How many ways can the top 5 teams be arranged in a league containing 21 teams? I'm not sure if this is permutation or combination. I think its combination, am I right?
Never mind, its permutation because it's the top 5 teams, right?
I agree, it is a permutation.
It's a permutation because you care about how they are ordered, not because they are the top five teams.
To determine the number of ways the top 5 teams can be arranged in a league containing 21 teams, we need to use permutations, not combinations. Permutations are used when order matters, while combinations are used when order does not matter.
In this case, the order of the top 5 teams does matter since the arrangement will affect their positions in the league.

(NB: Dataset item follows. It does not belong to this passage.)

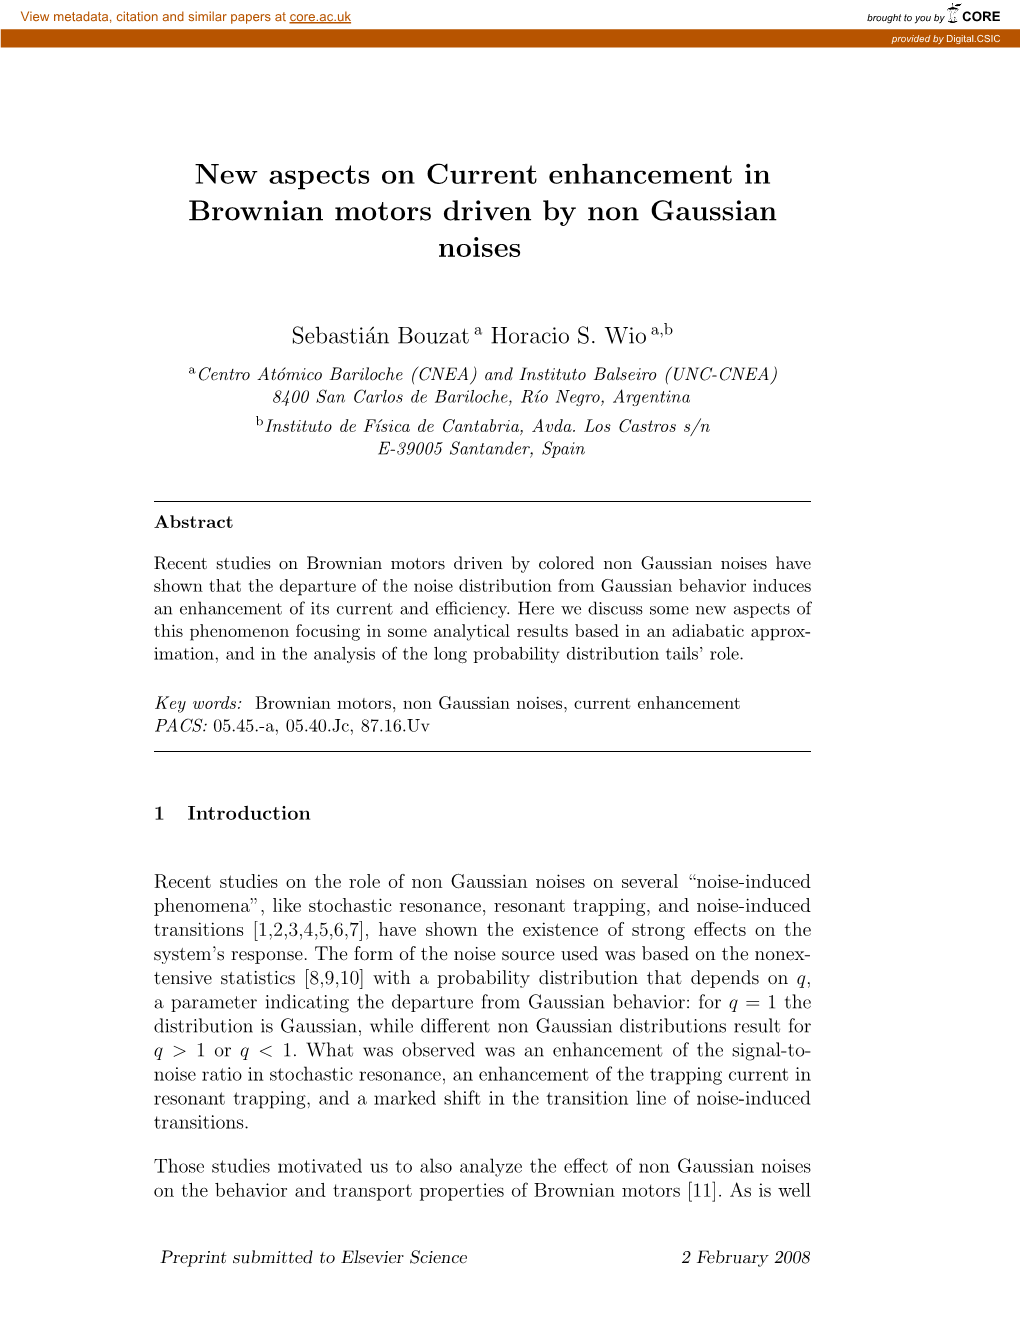 New Aspects on Current Enhancement in Brownian Motors Driven by Non Gaussian Noises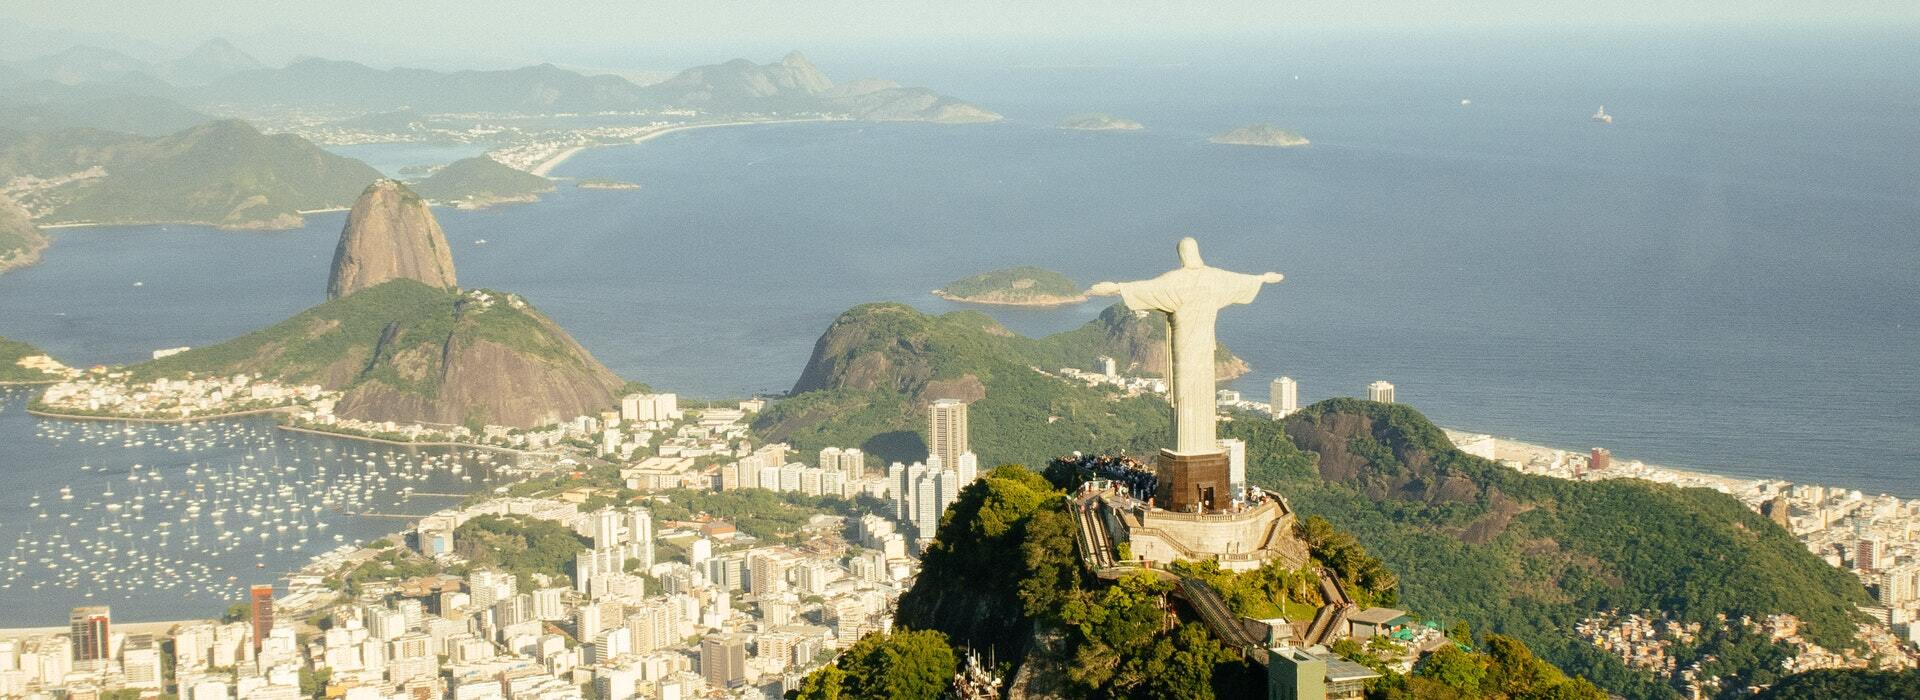 Brazil Tour Packages & Vacation Packages

Therefore, we need to use permutations.
The formula for permutations is given by:
P(n, r) = n! / (n - r)!
where n is the total number of objects and r is the number of objects selected.
In this case, we want to find the number of ways to arrange 5 teams out of a total of 21 teams. So, the calculation is P(21, 5) which is:
P(21, 5) = 21! / (21 - 5)!
= 21! / 16!
= (21 * 20 * 19 * 18 * 17 * 16!) / 16!
= (21 * 20 * 19 * 18 * 17)
= 1,270,560
Therefore, there are 1,270,560 ways to arrange the top 5 teams in a league containing 21 teams.